- Born: 14 September 1914 Fraureuth, Kingdom of Saxony
- Died: 3 December 1941 (aged 27) Egypt
- Allegiance: Nazi Germany
- Branch: Luftwaffe
- Rank: Hauptmann (captain)
- Unit: JG 53, JG 27
- Commands: 3./JG 53, II./JG 27
- Conflicts: Spanish Civil War World War II Battle of France; Battle of Britain; Operation Barbarossa; North African Campaign;
- Awards: Spanish Cross In Gold with Swords Knight's Cross of the Iron Cross

= Wolfgang Lippert (pilot) =

World War II Luftwaffe Flying ace (1914–1941)

Wolfgang Lippert (14 September 1914 – 3 December 1941) was a World War II Luftwaffe Flying ace. Lippert was credited with 30 victories, five of which were scored in the Spanish Civil War.

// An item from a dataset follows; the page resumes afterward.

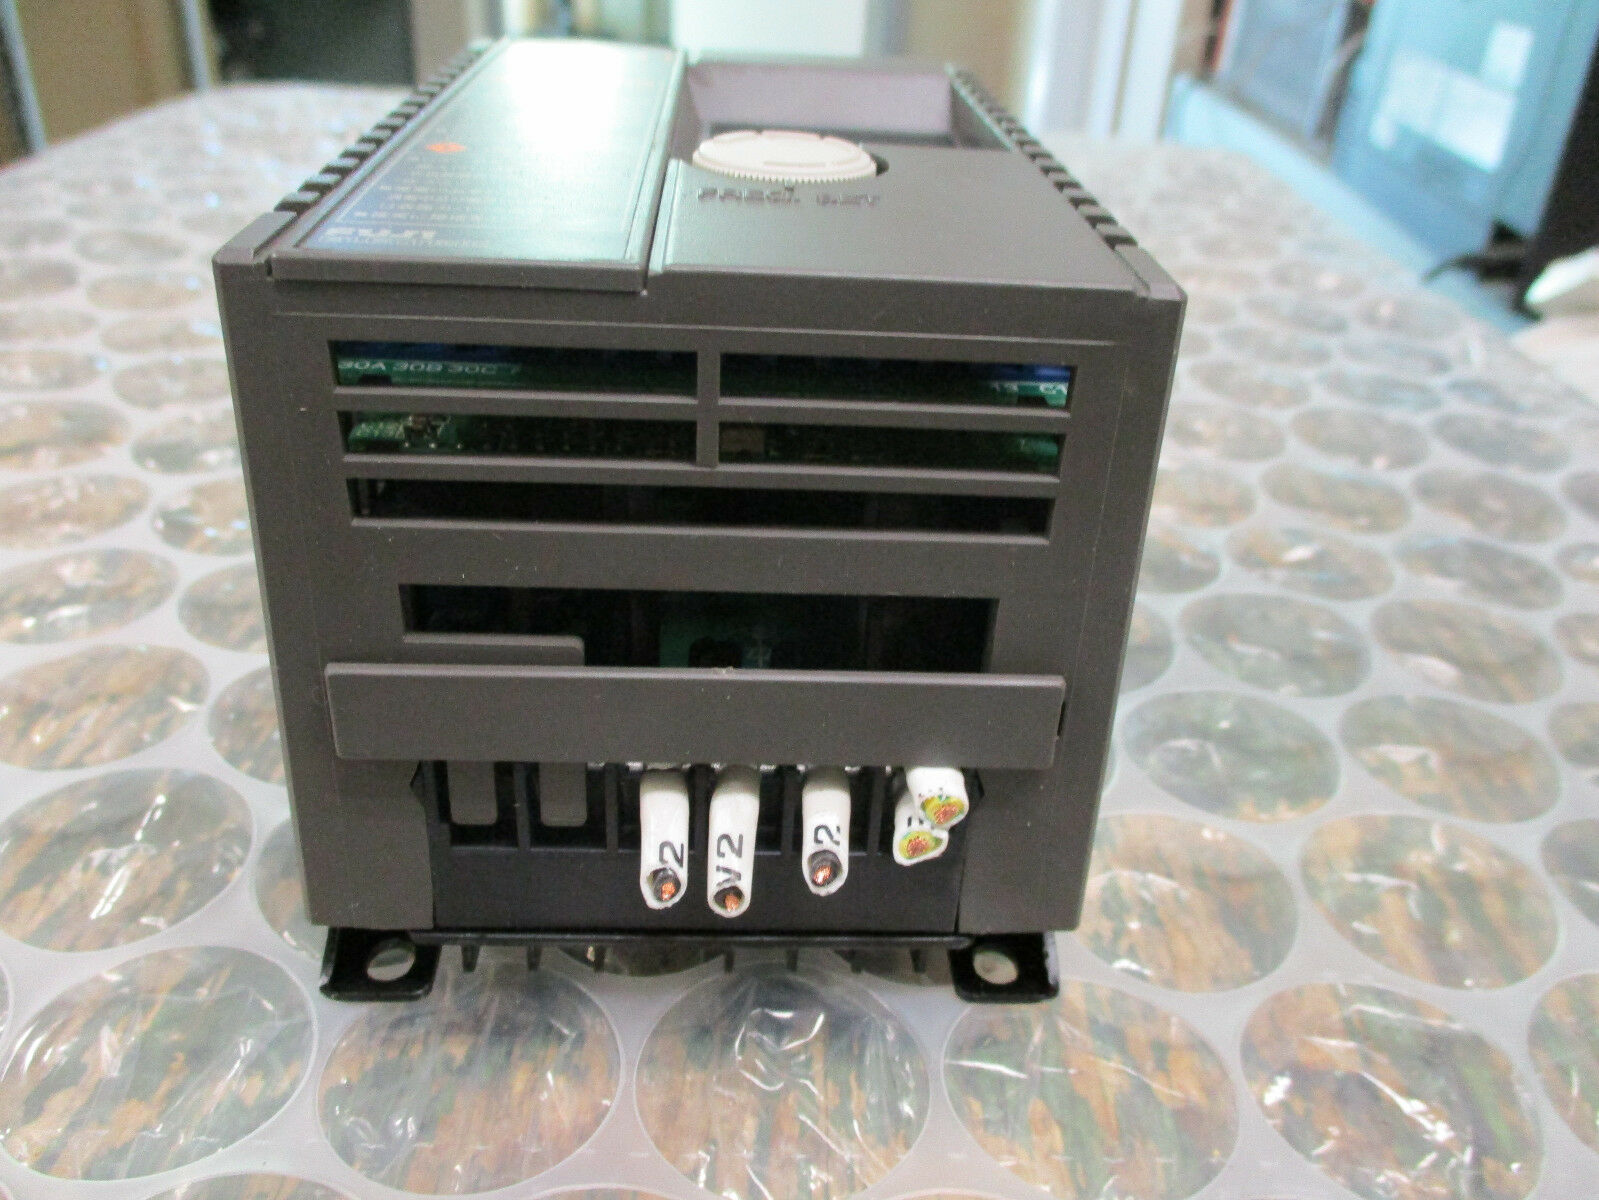 Fuji Electric Fvro.1c11s-2 FVRO1C11S2 Variable Frequency Drive Inverter    eBay

==Early of life and career==
Lippert was born on 14 September 1911 in Fraureuth of the Kingdom of Saxony within the German Empire. He joined the Luftwaffe and after pilot training, (Note: Flight training in the Luftwaffe progressed through the levels A1, A2 and B1, B2, referred to as A/B flight training. A training included theoretical and practical training in aerobatics, navigation, long-distance flights and dead-stick landings. The B courses included high-altitude flights, instrument flights, night landings and training to handle the aircraft in difficult situations.) was posted to I. Gruppe (1st group) of Jagdgeschwader 134 "Horst Wessel". Lippert gained his first aerial victories during the Spanish Civil War flying with the Condor Legion with 3. Staffel (3rd squadron) of Jagdgruppe 88. He claimed his first aerial victory on 15 July 1938 when he shot down a Polikarpov I-15 fighter. In total, he claimed five victories from mid-1938 until March 1939. For his service in Spain, he received the Spanish Cross in Gold with Swords (Spanienkreuz in Gold mit Schwertern) on 14 April 1939.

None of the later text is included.